Again, like classical mergesort, combine is where most of the work lies. Ok, let’s generalize the “two-pointers” idea to “\(k\)-pointers”. But while comparing two numbers is trivial, how do you compare \(k\) numbers and take the smallest one? If you take \(O(k)\) time every step, that would be too slow. Notice that most numbers remain unchanged (only the best number in the previous round is replaced by its successor in that sublist), so you waste much time doing repeated comparisons.
So we use a heap instead!
So the total time for the combine step is \(O(k + n\log k)=O(n\log k)\) because \(k < n\).
Caveat: Notice that if \(k \geq n\), our \(k\)-way mergesort becomes heapsort! So the two extreme special cases of \(k\)-way mergesort are classical mergesort (\(k=2\)) and heapsort (\(k=n\)).
Now divide+combine (the non-recursive parts, or the work at each level) is \(O(k+n\log k)=O(n\log k)\). Now we get back to the overall time using recurrence:
\[ T(n) = k T(n/k) + O(n\log k)\]
We’ll still use the “recursion tree” method to expand the recursion:
This is a remarkable result that the runtime of \(k\)-mergesort does not depend on \(k\)!

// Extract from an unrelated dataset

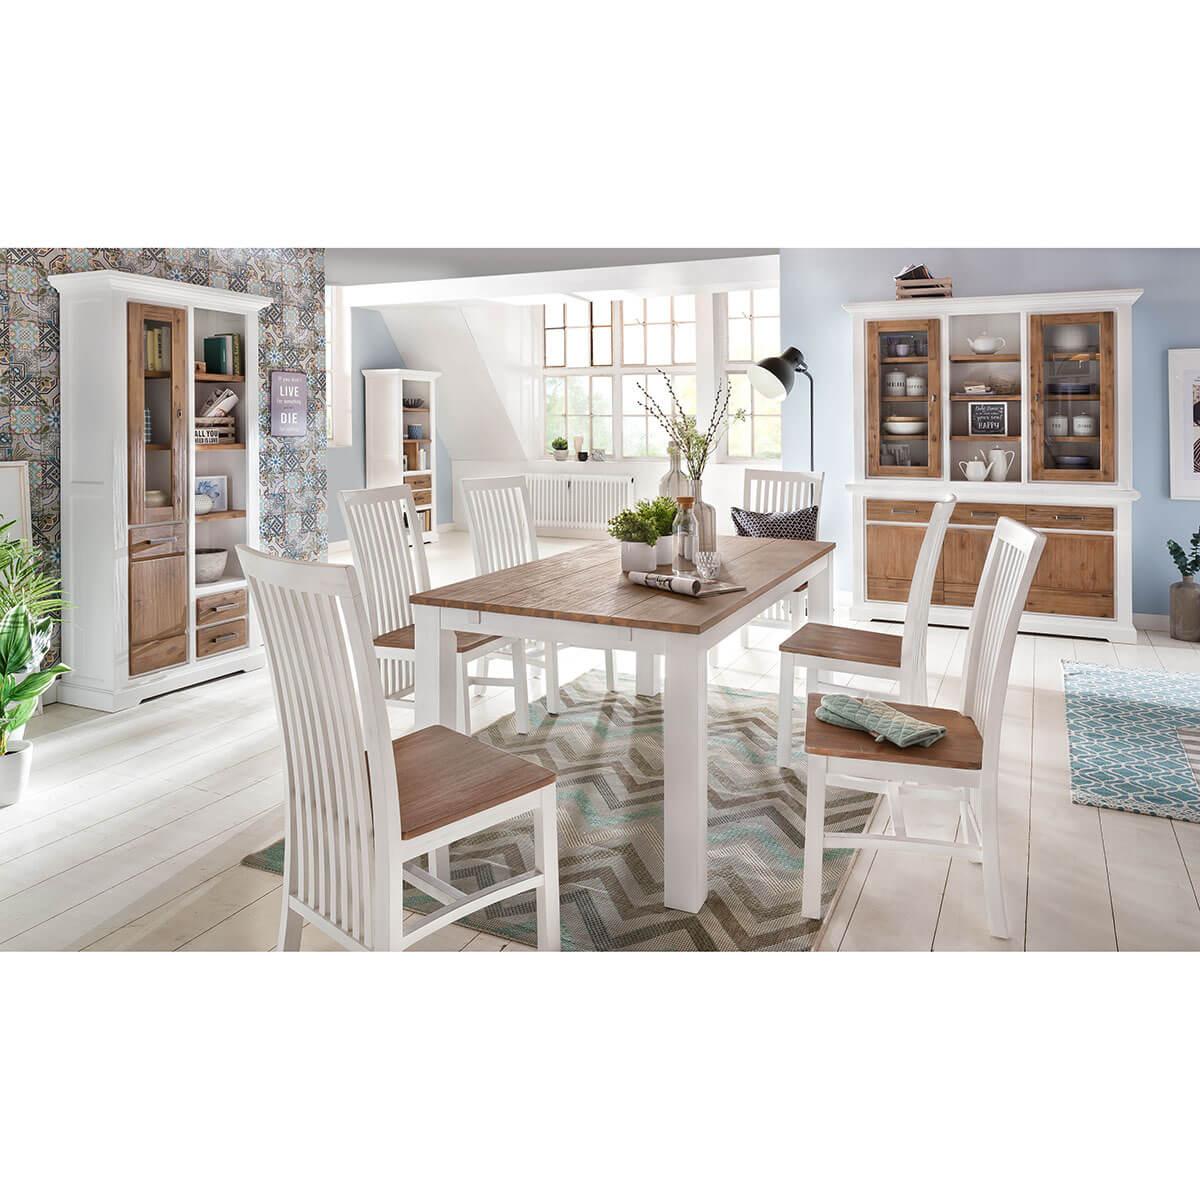 couchtisch 65x65 cm lale in akazie wei braun. Black Bedroom Furniture Sets. Home Design Ideas

Alternative method: Using the Master Method, we can see that the above recurrence falls into case 2, so \(T(n)=O(n\log n)\).
Another problem similar to \(k\)-way mergesort is the team selection problem: the United States have \(n=50\) states, and each state has selected its (sorted) top \(k\) tennis players. Now we need to select the top \(k\) players to form team USA (for Olympics). How would you do that as fast as possible?

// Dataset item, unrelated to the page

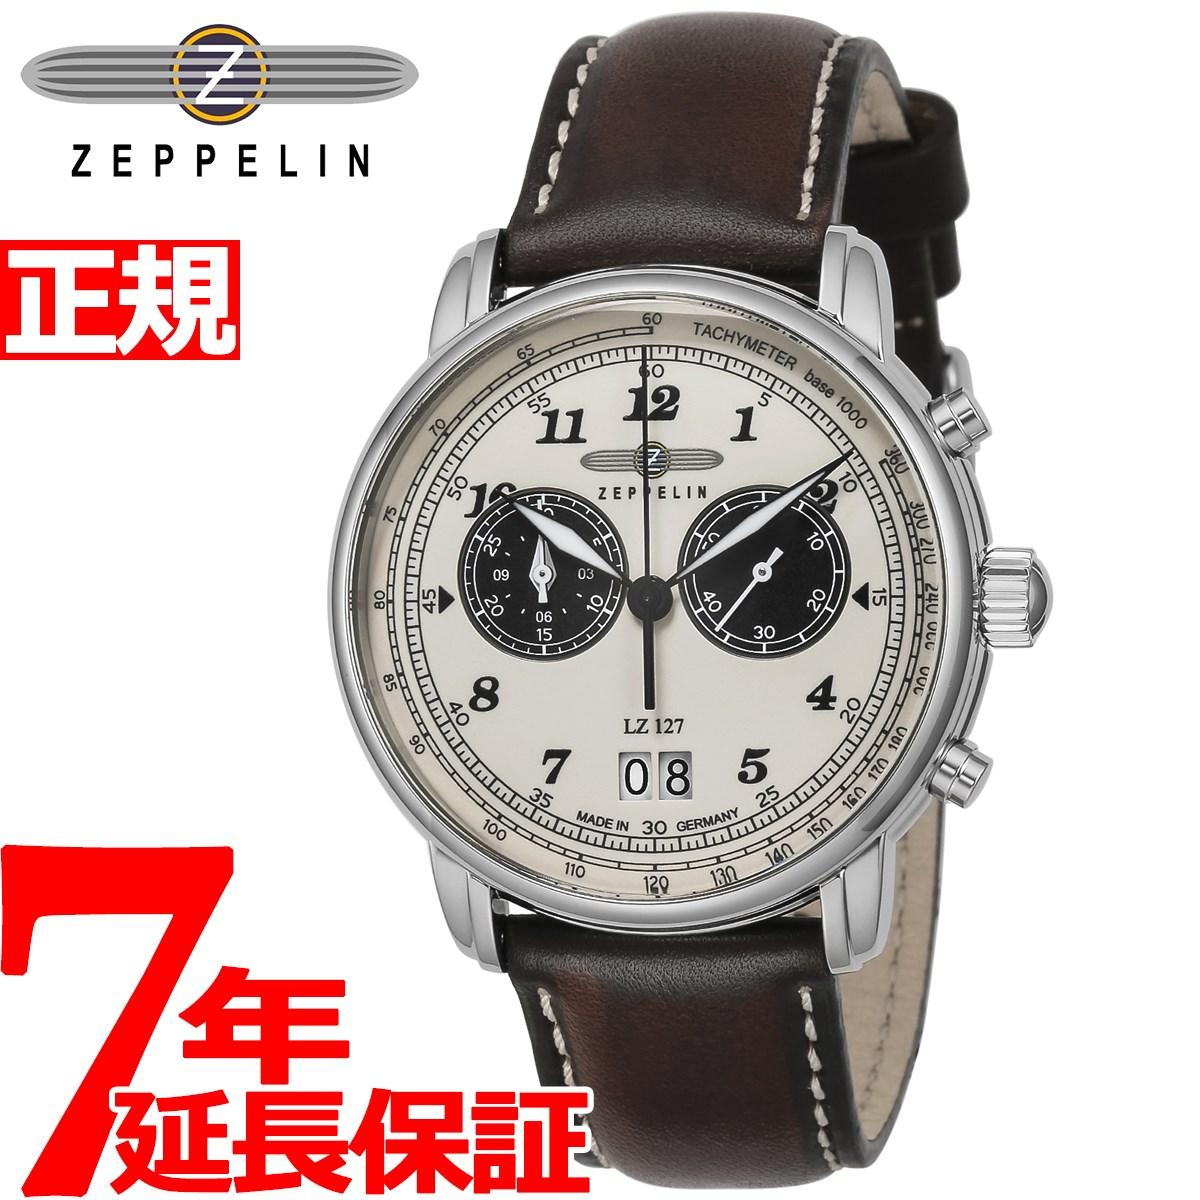 【今だけ!店内ポイント最大49倍!16日1時59分まで】ツェッペリン ZEPPELIN 腕時計 メンズ LZ127 グラーフ・ツェッペリン Graf Zeppelin 8684-5【2019 新作】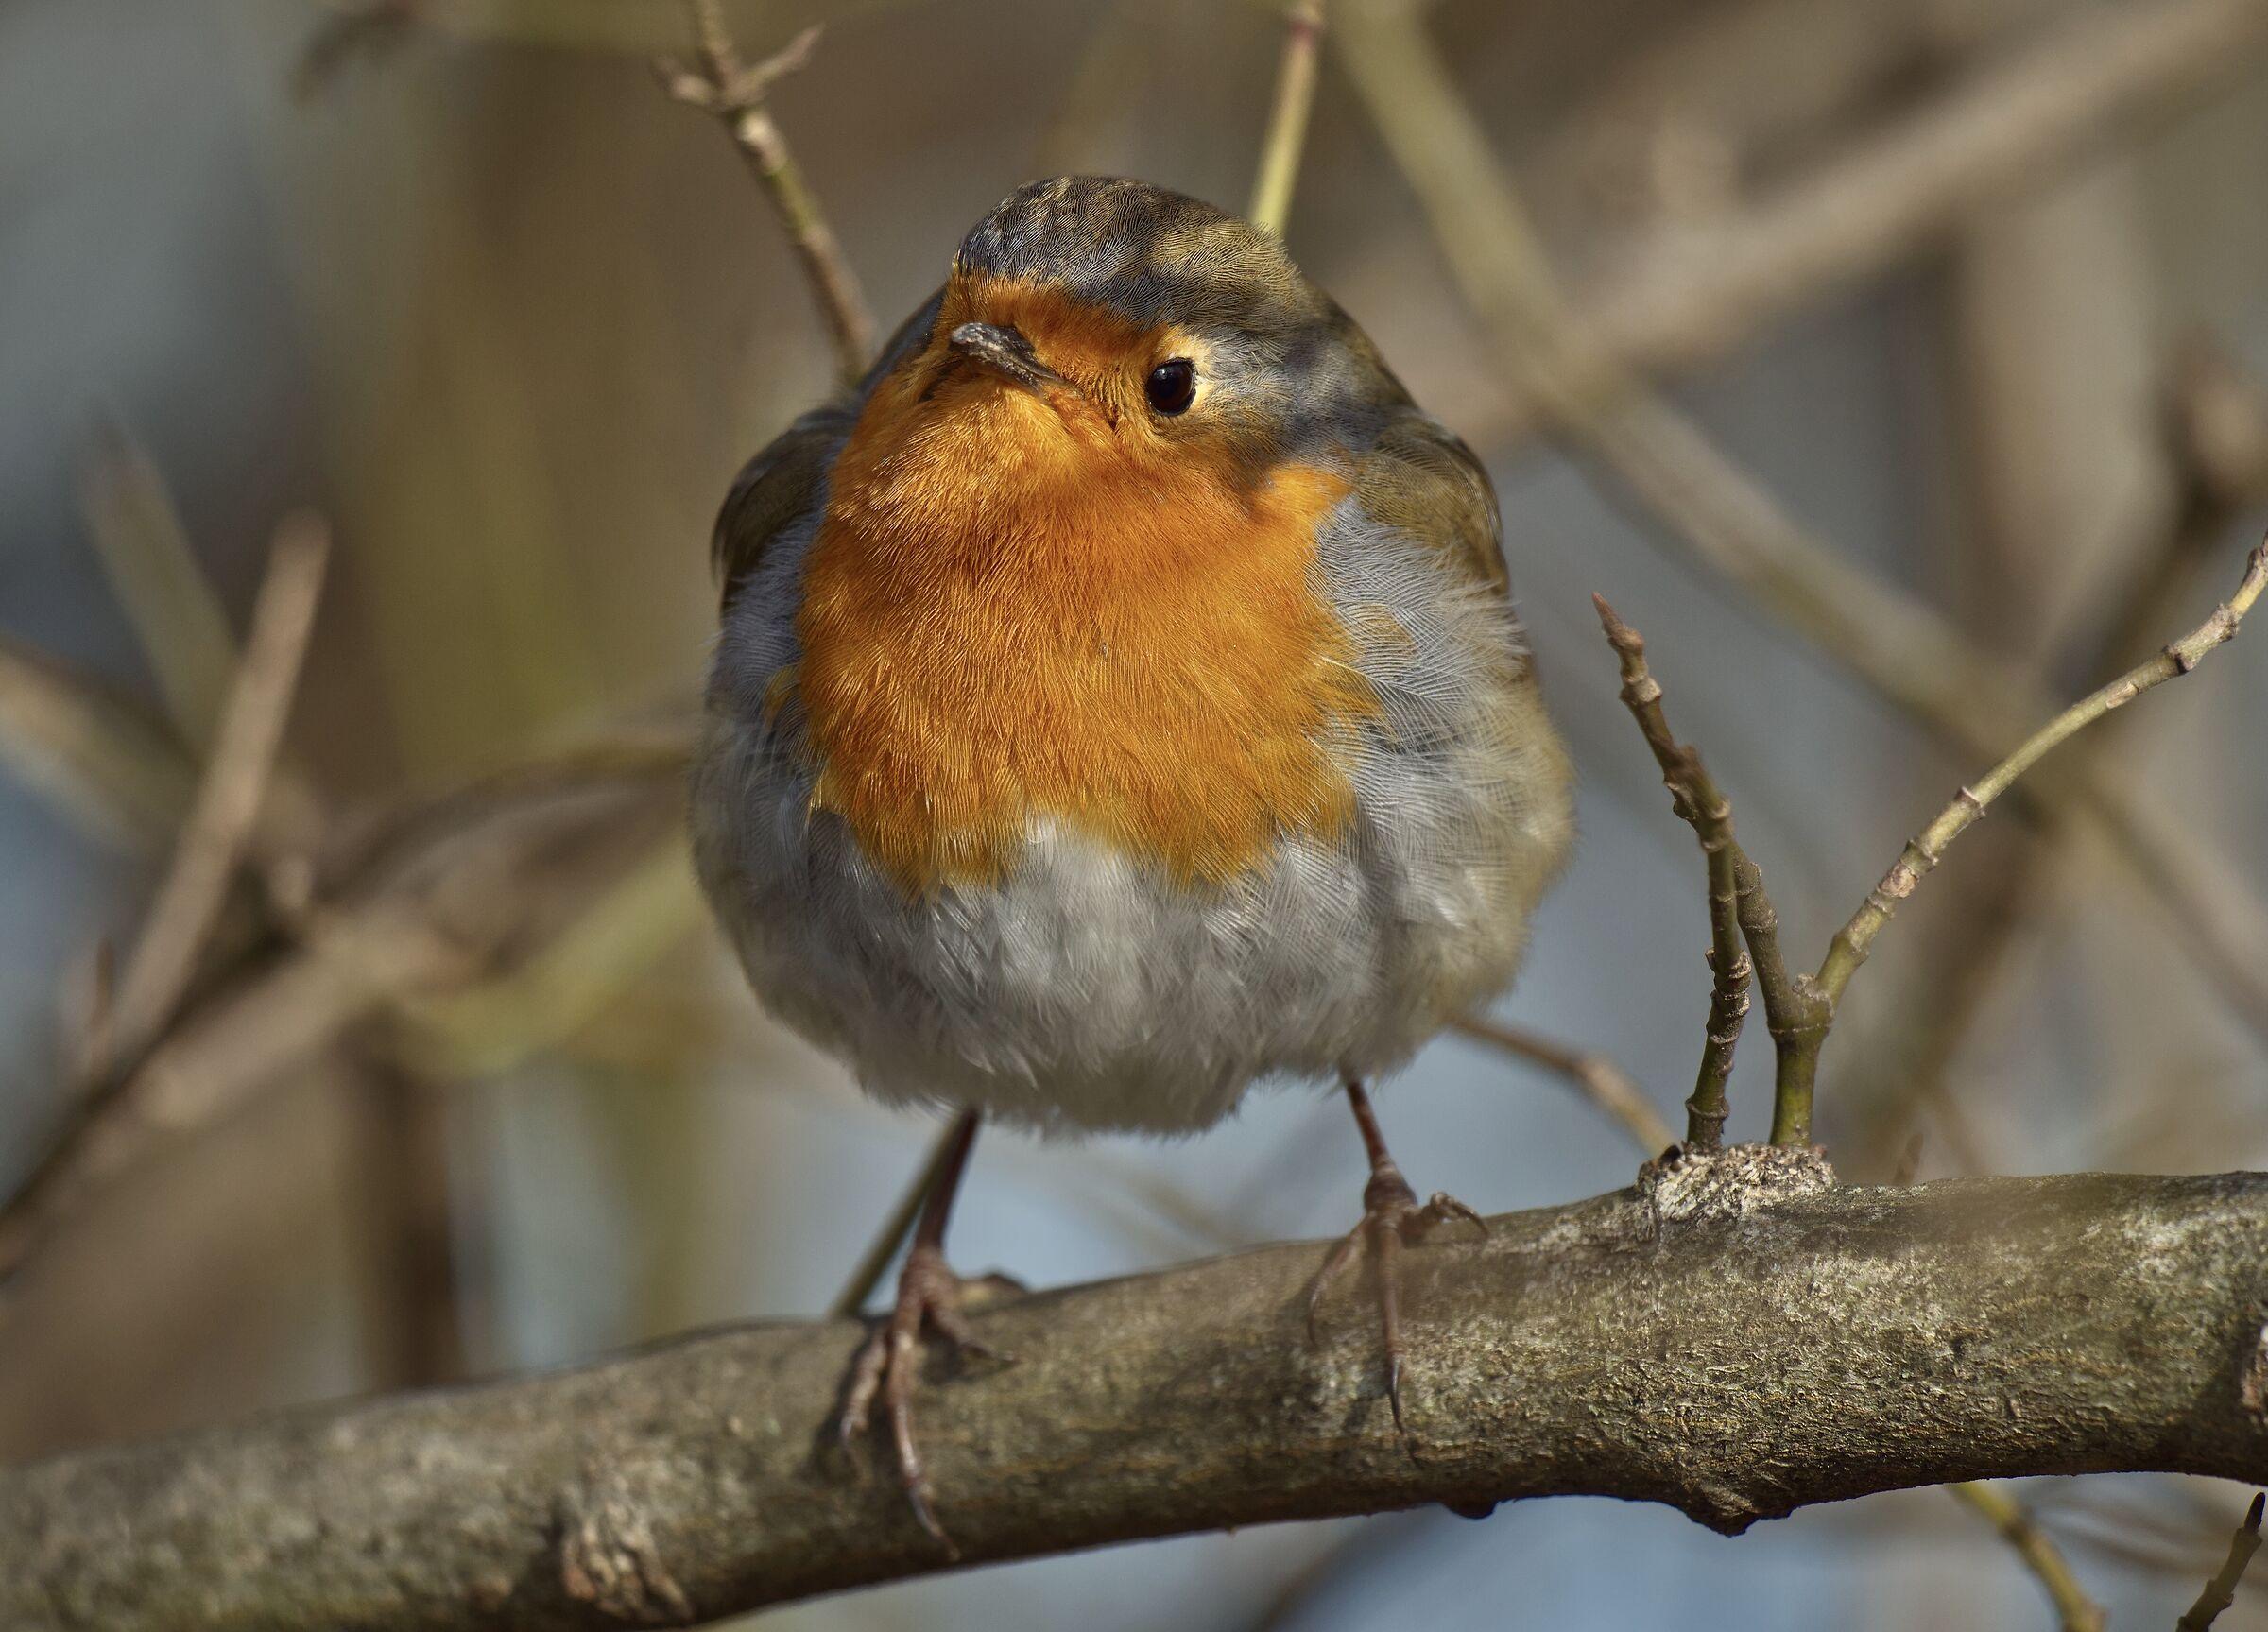 The chubby robin...

Same as \(k\)-way mergesort, you build an initial heap of size \(n\) from the best players of each state. Then you pop/push (or heapreplace), until you have popped \(k\) players.
Time: \(O(n + k\log n)\), because the heap size is bounded by \(n\).

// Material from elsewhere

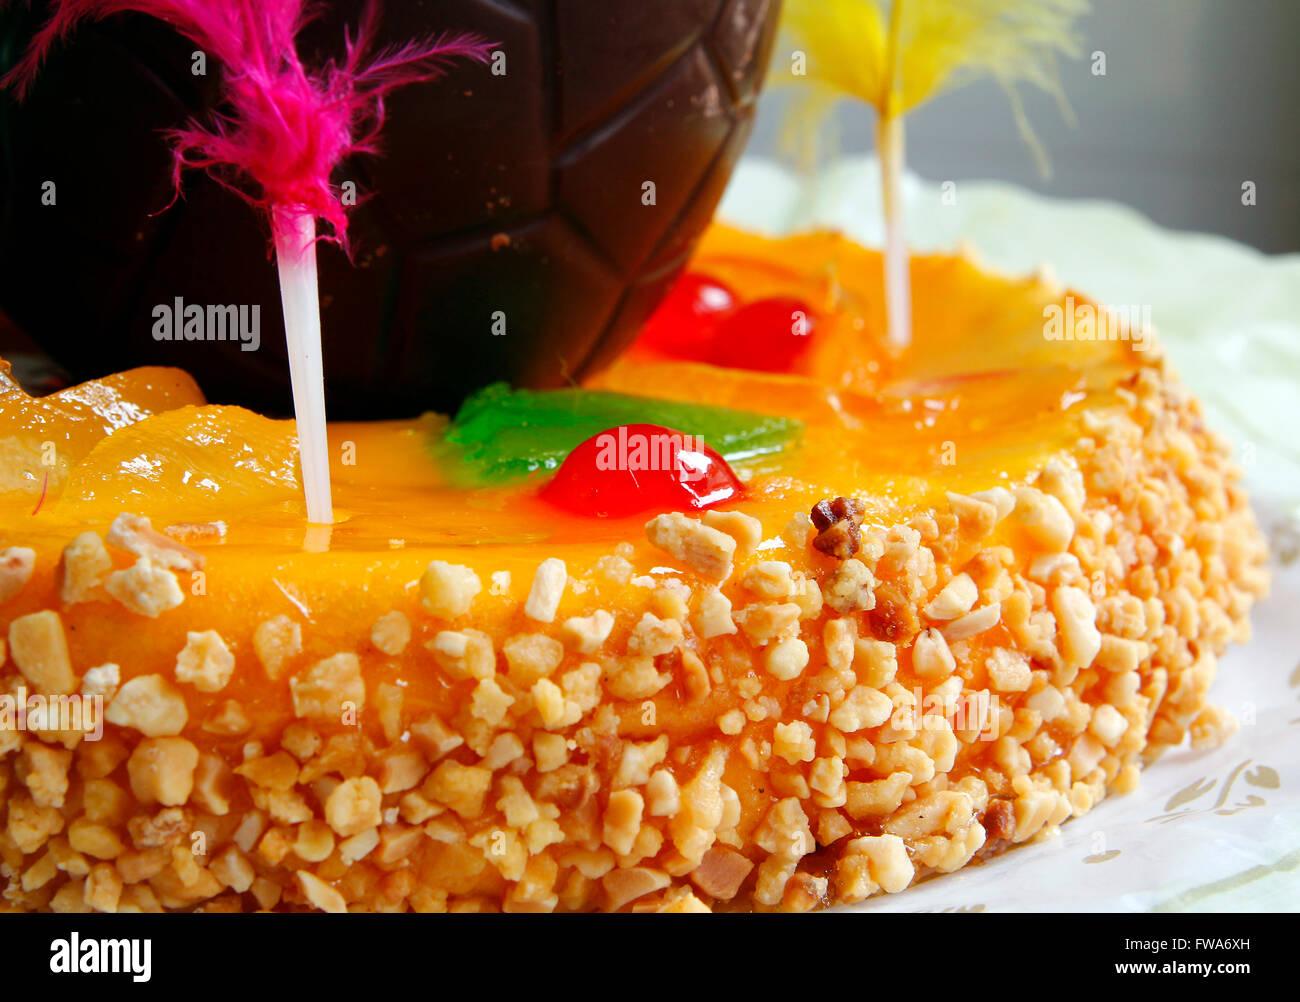 Gâteau de pâques traditionnel avec des amandes et des fruits Photo Stock

Can you make it even faster? Well, if \(k \ll n\), a key observation is that the vast majority of states will have no representatives on team USA. If a state’s best player can’t make the top \(k\) in the initial heap of size \(n\), then every player from that state doesn’t have a chance in team USA. For example, if \(k=5\), team USA will likely have (even multiple) players from big states like California and New York, and nobody from most other states. This observation suggests we should narrow down our initial heap to just the top \(k\) (best among the best) players (or states) from the \(n\) top players from each state. So we use quickselect to select the \(k\)th best player among those \(n\) leaders and scan all those \(n\) leaders again to select the top \(k\) leaders. Now you build an initial heap of just \(k\) players, and because the heap size is bounded by \(k\), you improve the total time to:
\[ O(n + k + k\log k)=O(n+k\log k)\]
which is slightly faster than \(O(n+k\log n)\).
A slightly more involved problem is \(n\)-best pairs problem. Given two unsorted lists \(A\) and \(B\), each with \(n\) integers, their cross-product (or Cartesian product) is \(n^2\) pairs:
\[ A\times B = \{ (x, y) \mid x \in A, y \in B \} \]
How to select the \(n\) smallest pairs from \(A\times B\)? Let’s say we compare pairs by their sums:
\[ (x,y) < (x',y') \text{ iff. } x+y < x'+y' \text{ or } x+y==x'+y' \text{ and } y<y' \]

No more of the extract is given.